Acacetin

About: Acacetin is a research topic. Over the lifetime, 442 publications have been published within this topic receiving 10458 citations. The topic is also known as: 5,7-Dihydroxy-2-(4-methoxyphenyl)-4-benzopyrone & Linarigenin.

Chemical constituents and coagulation activity of Agastache rugosa

Abstract: In the Chinese traditional medicine, plant of Agastache rugosa (Fisch. & C.A. Mey.) Kuntze (A. rugosa) has been used to treat nausea, vomiting and dispel damp. However, currently, few reports about the chemical constituents, especially the non-volatile components of A. rugosa are available. Through separation with various column chromatographies to elucidate the chemical constituents of A. rugosa, the biological activities of the major constituents were investigated. The extracts and main constituents of A. rugosa were evaluated for their anticoagulant effects by assaying the activated partial thromboplastin time (APTT), prothrombin time (PT), thrombin time (TT) and fibrinogen (FIB) in vitro. Seven known compounds (namely compounds 1–7) were isolated from the aerial parts of A. rugosa. They were identified as methyl hexadecanoate (1), β-sitosterol (2), acacetin (3), ursolic acid (4), apigenin (5), protocatechuic acid (6) and tilianin (7), respectively. Compounds 1 and 6 were isolated from the genus Agastache for the first time, and compound 4 was obtained from the plants for the first time. The results showed that the extract of A. rugosa had a significant procoagulant activity by shortening the time of PT (P < 0.001) and increasing FIB content (P < 0.001), as compared with Vitamin K1. While its major constituents acacetin and tilianin exhibited significant anticoagulant activities by prolonging the times of PT, APTT, TT and reducing FIB content (P < 0.001), as compared with blank control group. The total extract of A. rugosa possessed significant procoagulant activity, while its main components, acacetin and tilianin possessed significant anticoagulant activities. Further investigation should be pursued to find out the bioactivity components responsible for the procoagulant action of the plant.

Identification and quantification of the sedative and anticonvulsant flavone glycoside from Chrysanthemum boreale.

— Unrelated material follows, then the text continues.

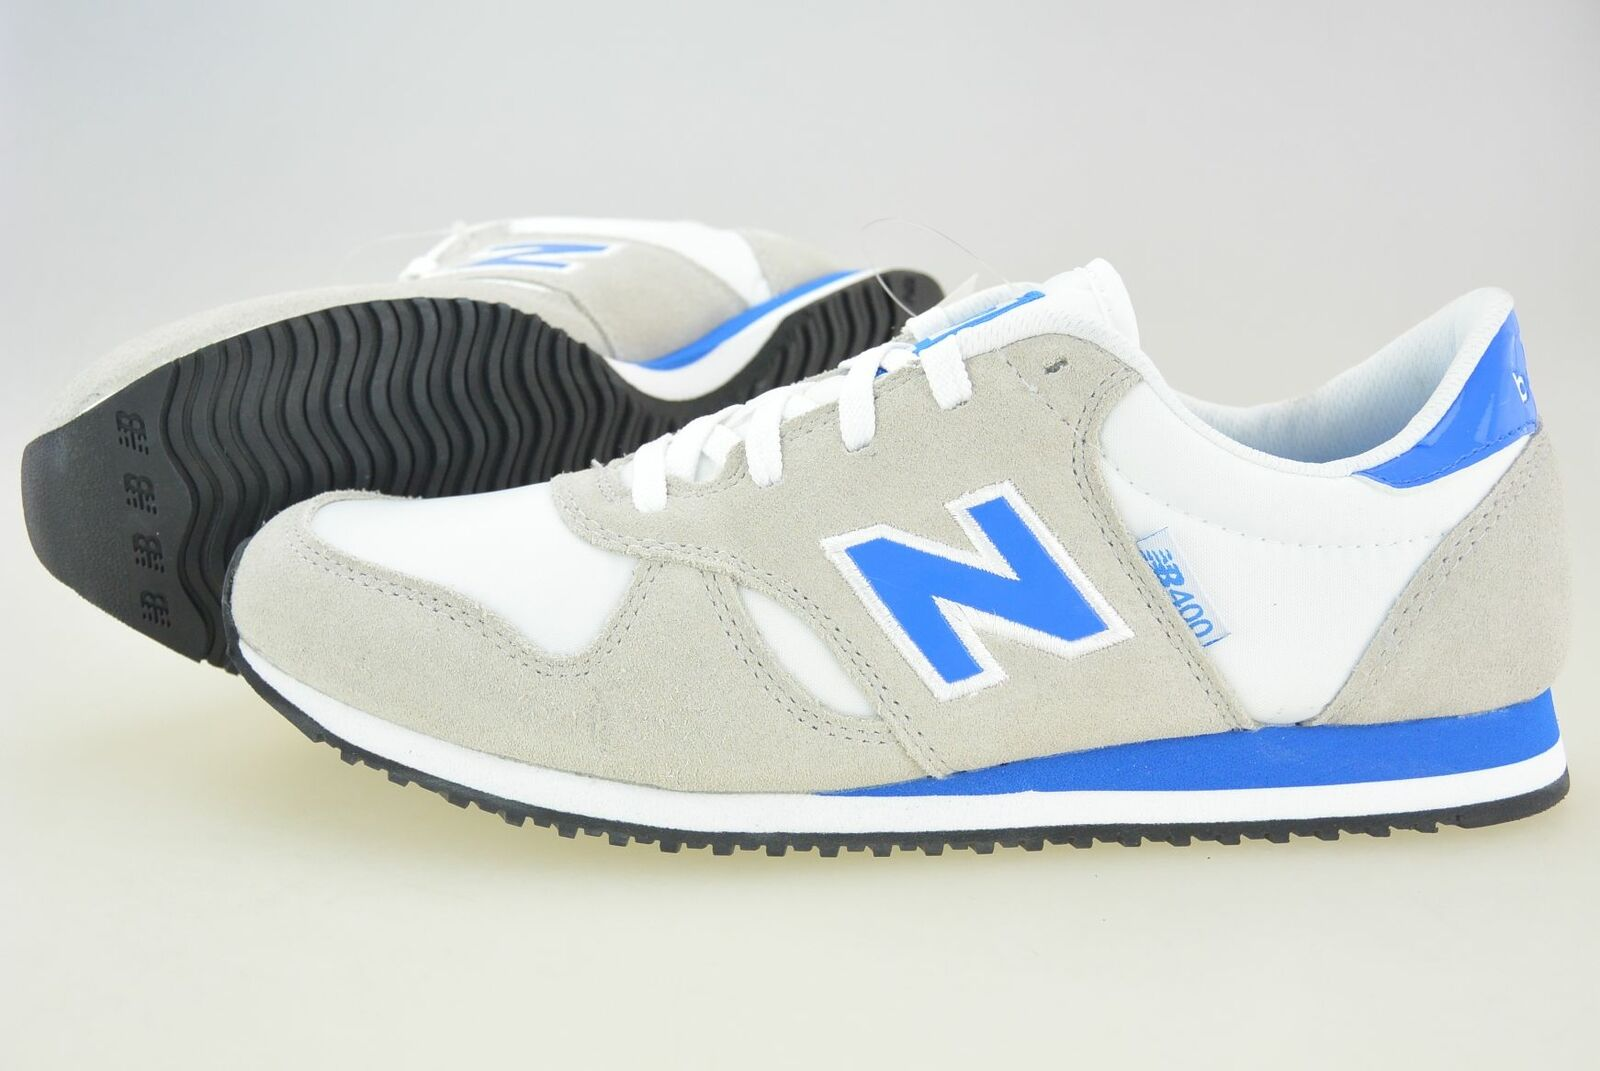 NEW Balance M 400 SWB Men shoes Men Sneaker White bluee

Abstract: The flowers or leaves of Chrysanthemum boreale (Compositae) have been traditionally used as herb tea to reduce anxiety, insomnia, and stress. Sedative and anticonvulsant activities were evaluated in mice using pentobarbital-induced sleeping assay and pentylenetetrazole (PTZ)-induced convulsion assay. The flower extract exhibited more potent activities than the extracts of the leaves and stems, and chromatographic isolation yielded the five compounds acacetin, linarin, acacetin 7-O-β-d-glucopyranosyl-(1 → 2)[α-l-rhamnopyranosyl-(1 → 6)]-β-d-glucopyranoside, chlorogenic acid, and 3,5-di-O-caffeoylquinic acid. These compounds were simultaneously analyzed by HPLC, and the method was validated. The contents of linarin, which were shown to be most abundant in C. boreale, were observed in the order of leaf (11.93 mg/g) > flower (8.50 mg/g) > stem (5.60 mg/g). Linarin and its aglycone, acacetin, exhibited sedative and anticonvulsant activities in the present in vivo assays. It can be considered that linarin is one of the active compounds effective against anxiety, insomnia, and stress, with acacetin as its active moiety.

Acacetin inhibits expression of E-selectin on endothelial cells through regulation of the MAP kinase signaling pathway and activation of NF-κB

Abstract: Since E-selectin-mediated adhesion of leukocytes or tumor cells to the vascular endothelium is a key early event in the initiation of inflammatory response and cancer metastasis, E-selectin inhibition is thought to be a good target for therapeutic intervention. Several flavones have been shown to have anti-inflammatory and anticancer properties. In the present study, we investigated the effects of plant flavones on expression of E-selectin in human umbilical vein endothelial cells. Among 11 flavones, acacetin strongly inhibited TNF-α-induced E-selectin expression in HUVECs. Acacetin suppressed the TNF-α-induced phosphorylation of p38 but did not inhibit TNF-α-induced phosphorylations of JNK and ERK. Acacetin also inhibited the activation of NF-κB by stimulation with TNF-α. Furthermore, adhesion of monocytes to TNF-α-treated endothelial cells was inhibited by cotreatment with acacetin. These results suggest that acacetin inhibits the expression of E-selectin by regulation of the p38 MAPK signaling pathway and activation of NF-κB.